PROVIDED MATERIAL –
· · · ·

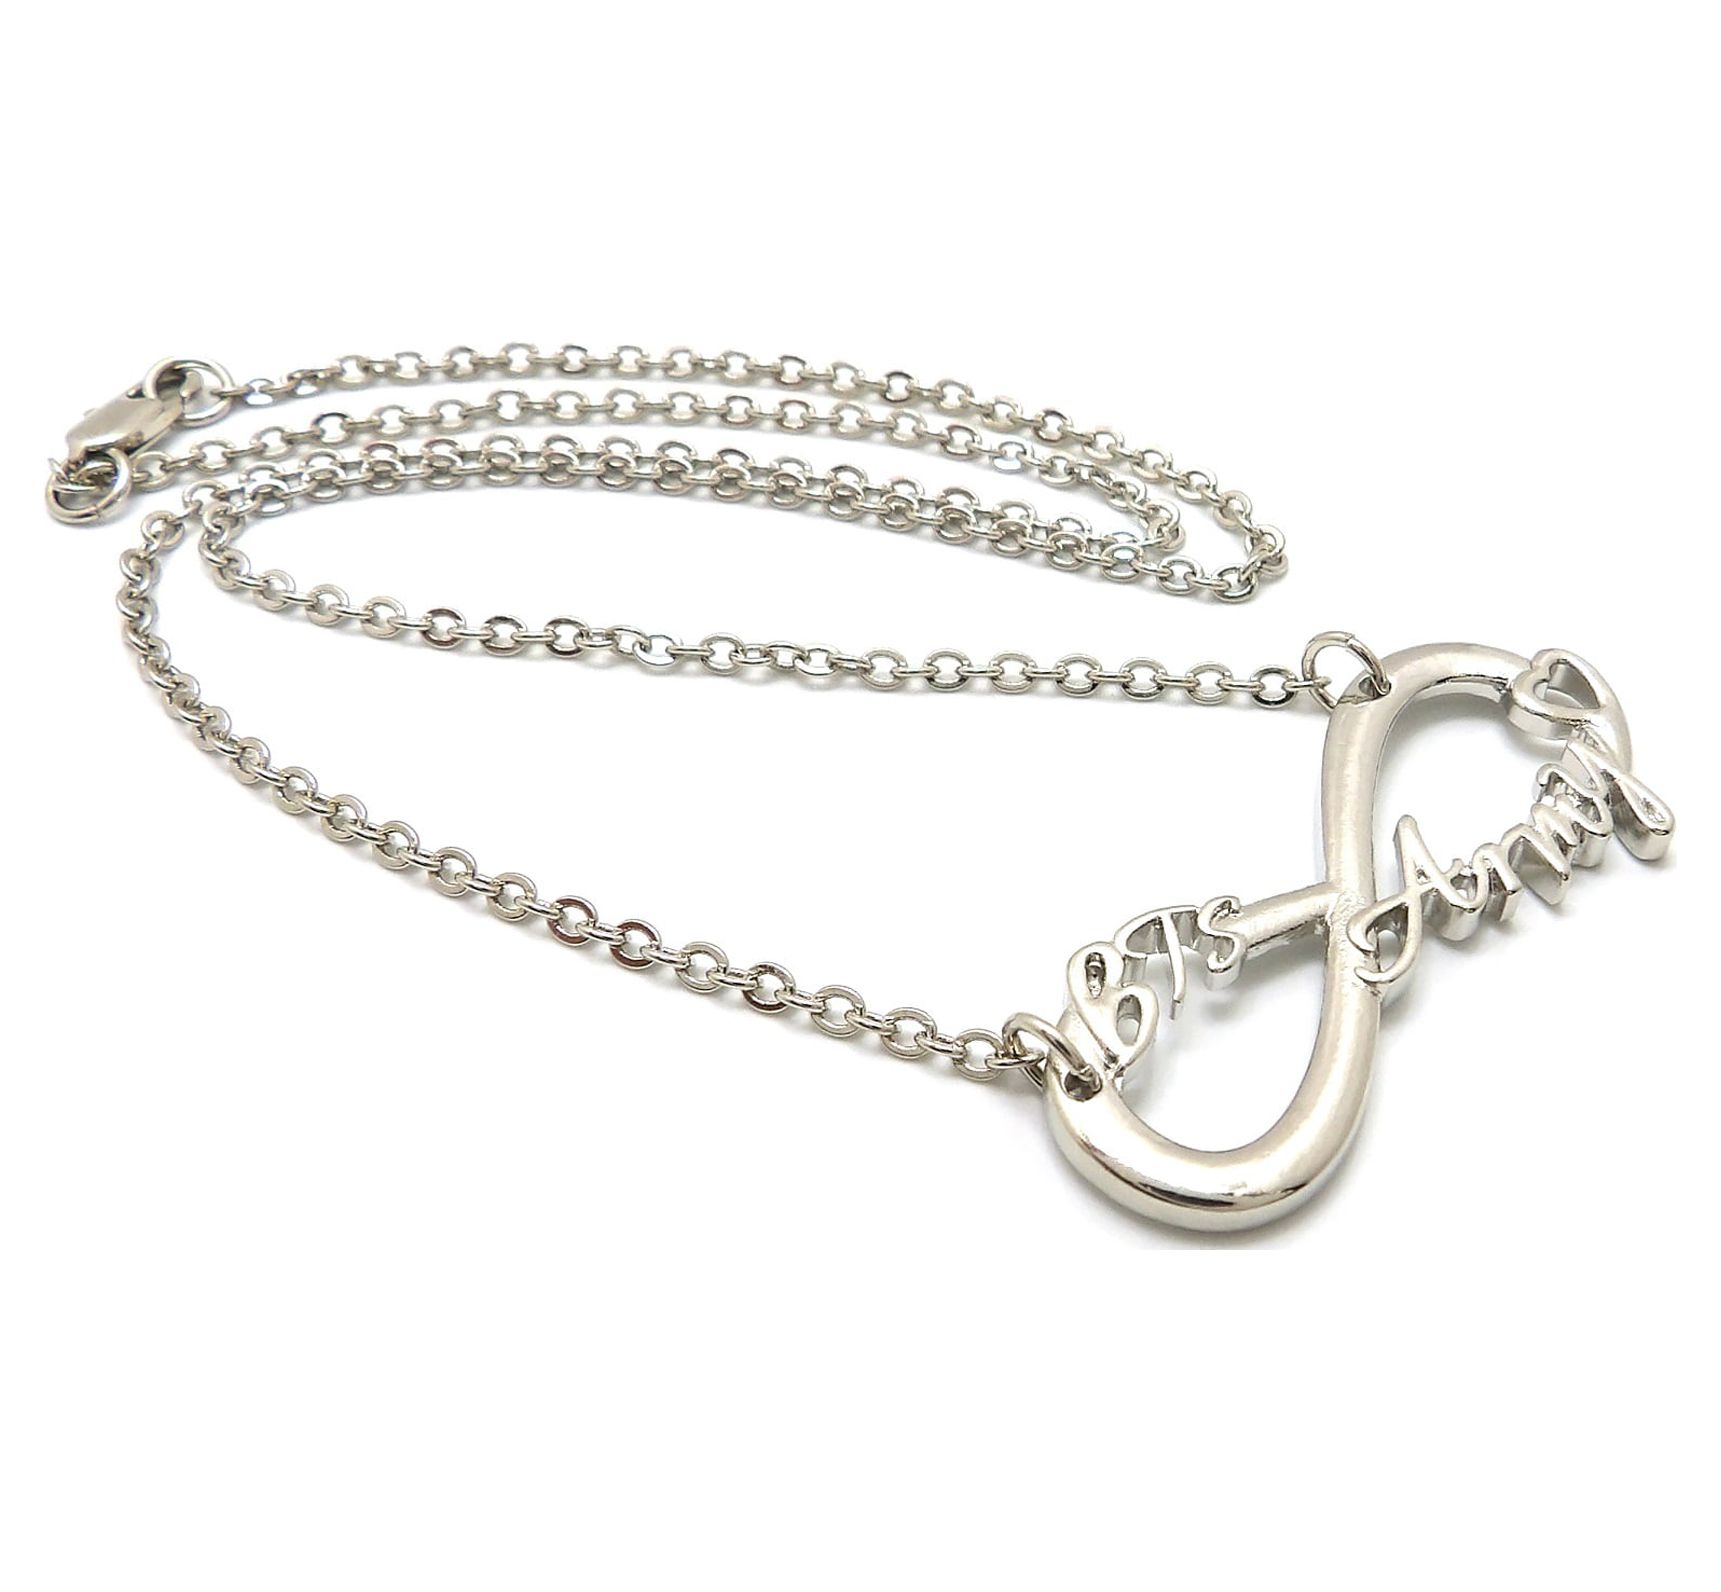 BTS Army Fans Infinity Sign Pendant with 2mm 18" Link Chain Necklace in Silver-Tone, BTS Army - image 4 of 4
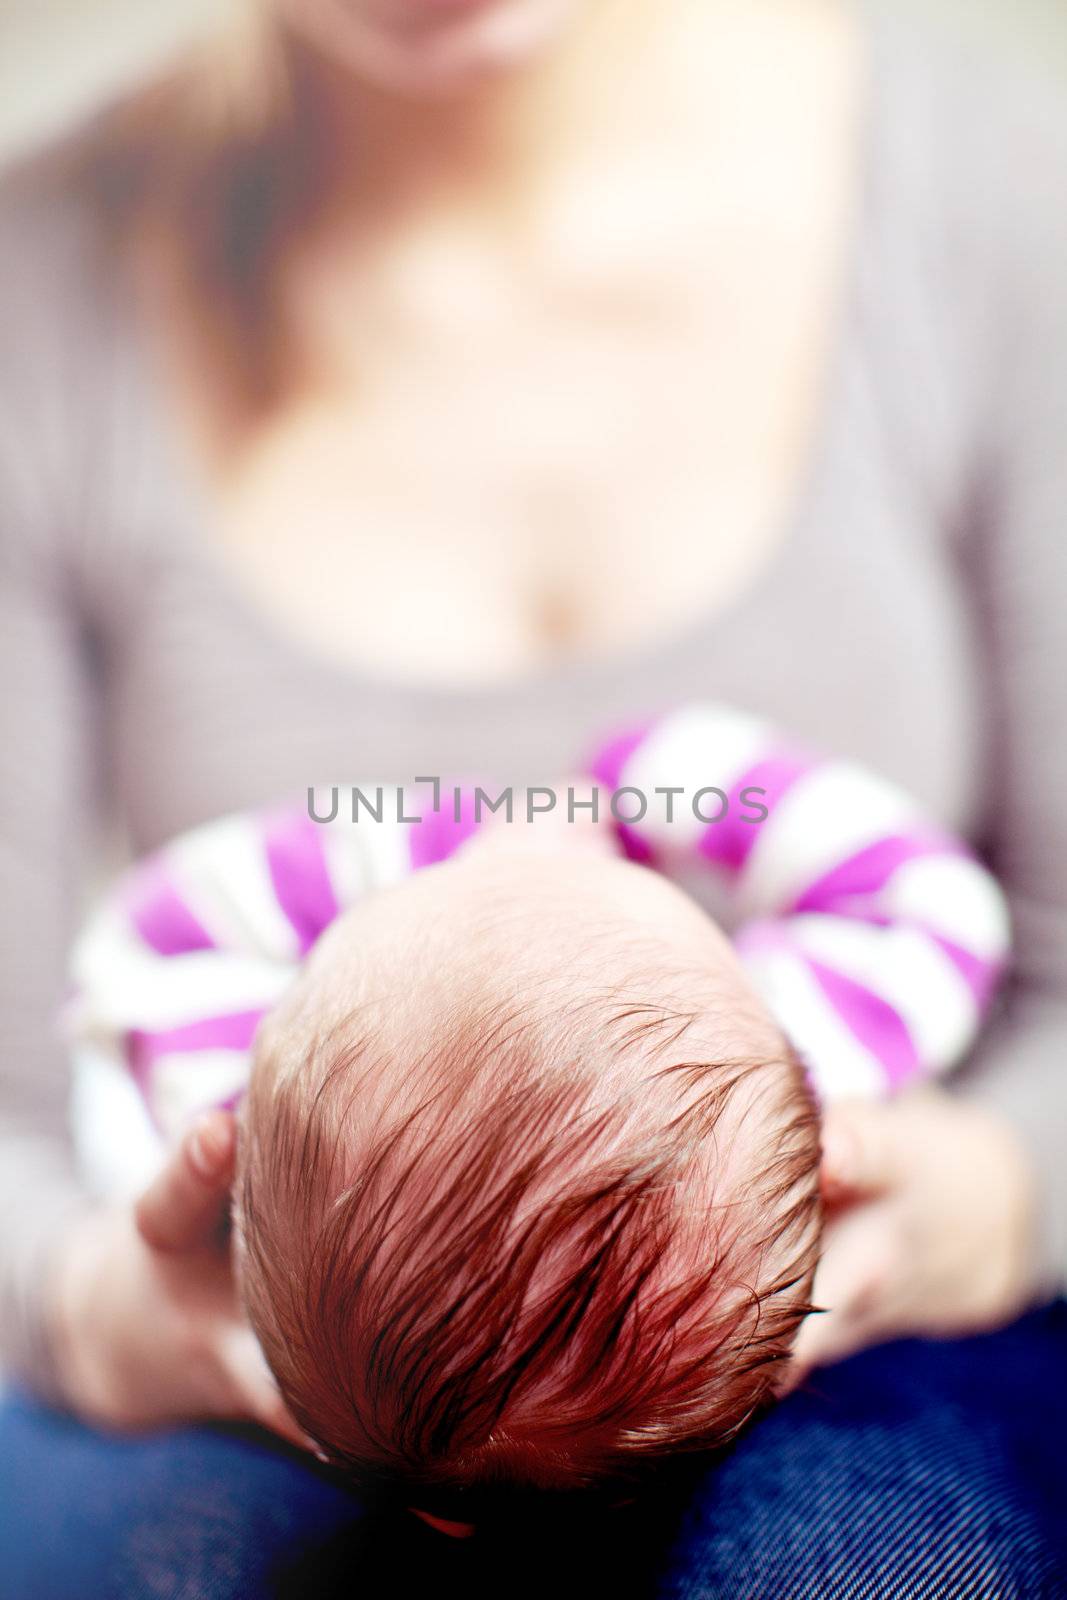 View from the top of the head of a young mother cradling her newborn baby in her hands as it rests on her lap
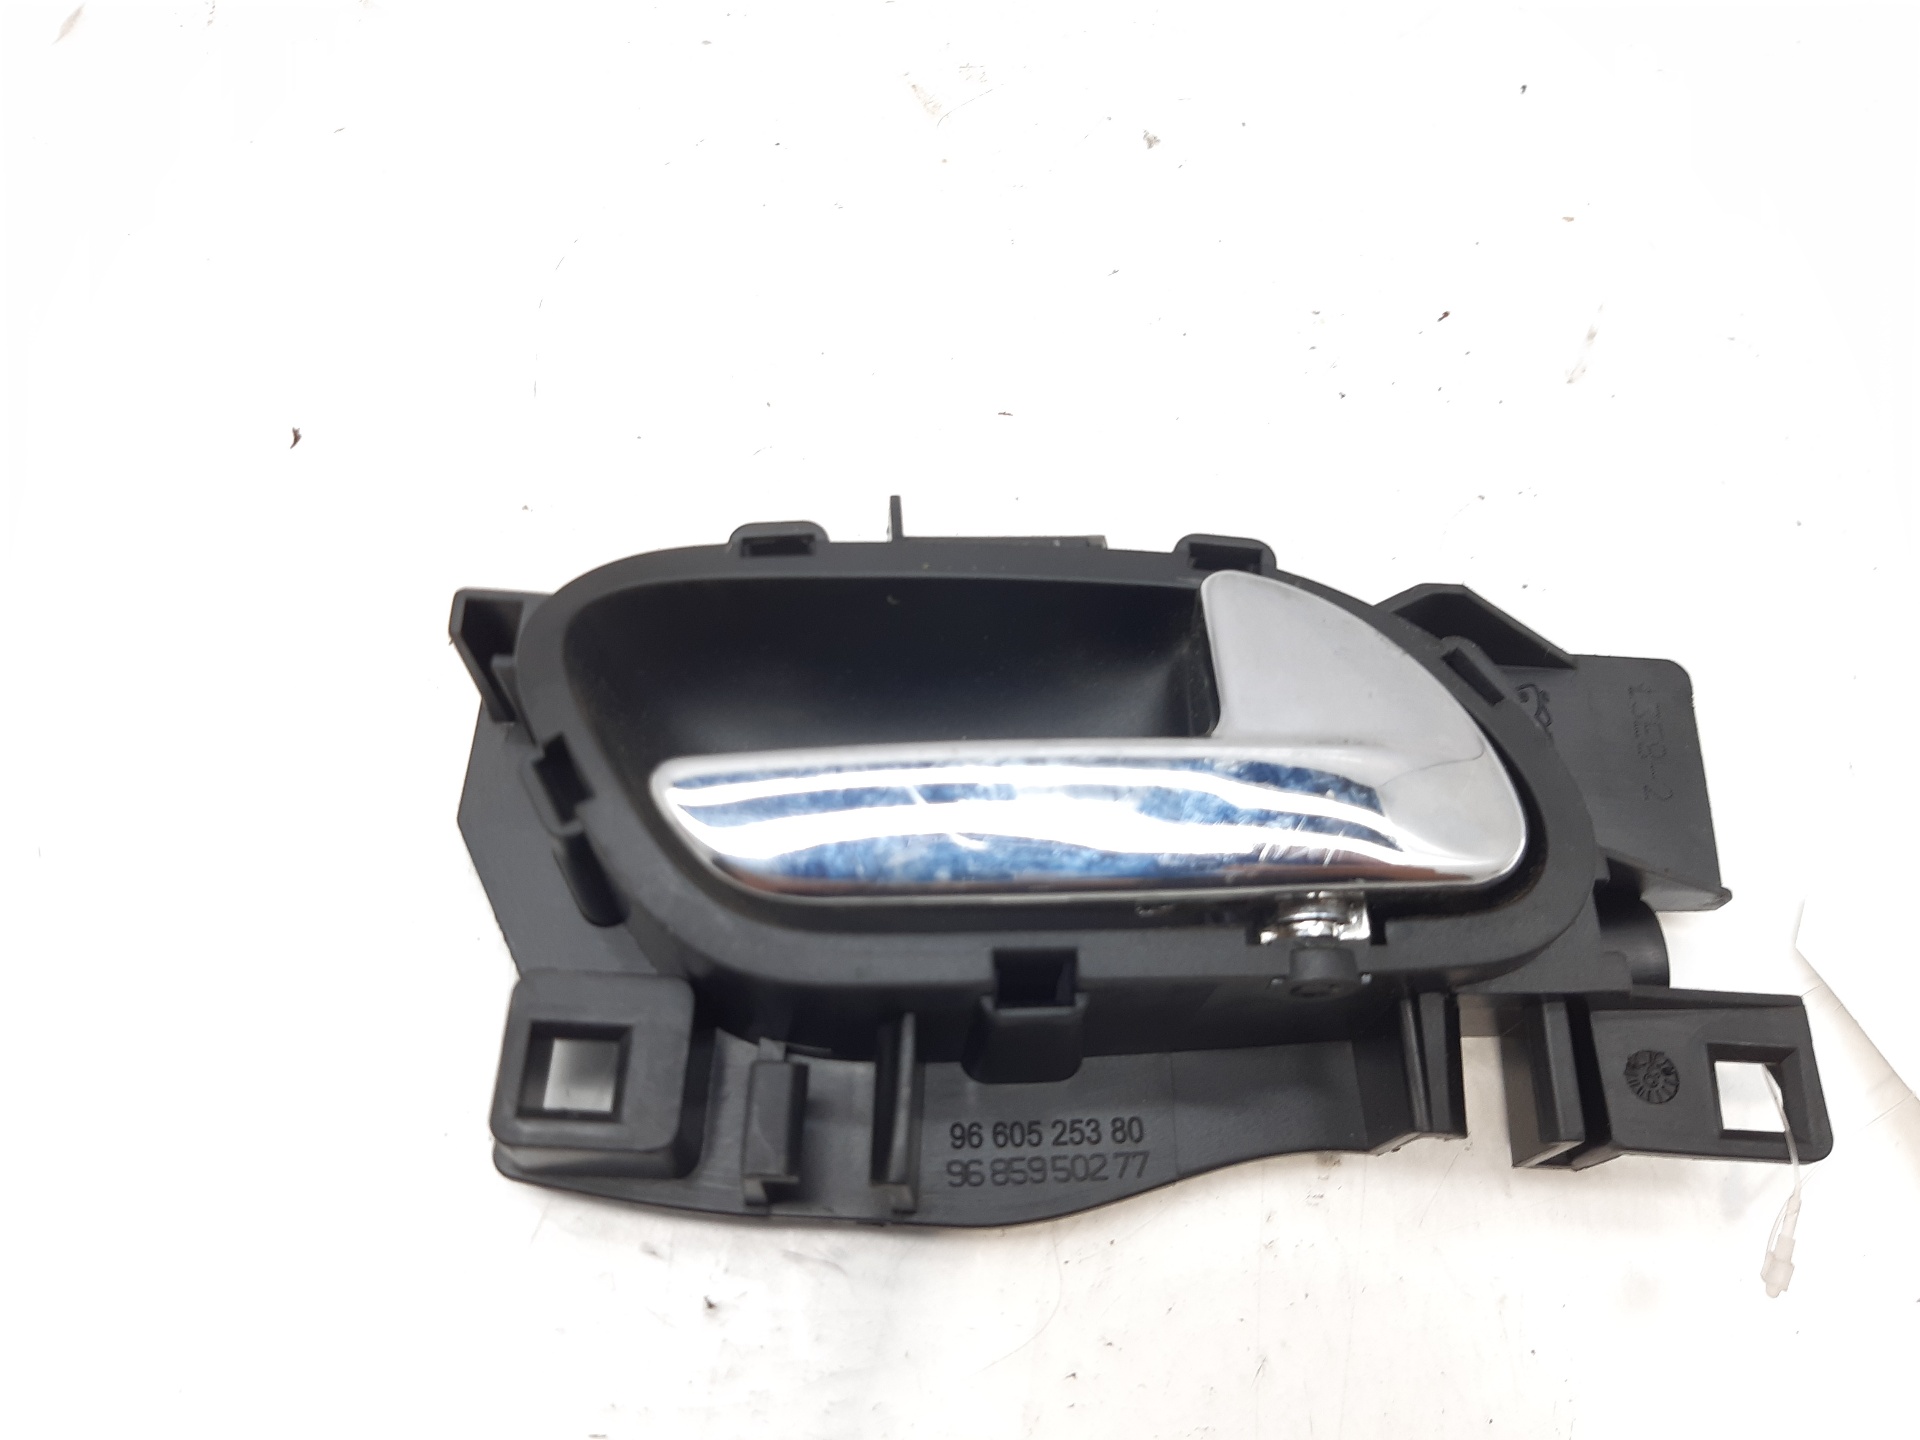 PEUGEOT 308 T7 (2007-2015) Right Rear Internal Opening Handle 9660525380 20145694

· · · ·

EXERCISE AIM – Print the listing exactly, pictures excluded.

RESPONSE AREA –
 BTS Army Fans Infinity Sign Pendant with 2mm 18" Link Chain Necklace in Silver-Tone, BTS Army - image 4 of 4
 View from the top of the head of a young mother cradling her newborn baby in her hands as it rests on her lap
 PEUGEOT 308 T7 (2007-2015) Right Rear Internal Opening Handle 9660525380 20145694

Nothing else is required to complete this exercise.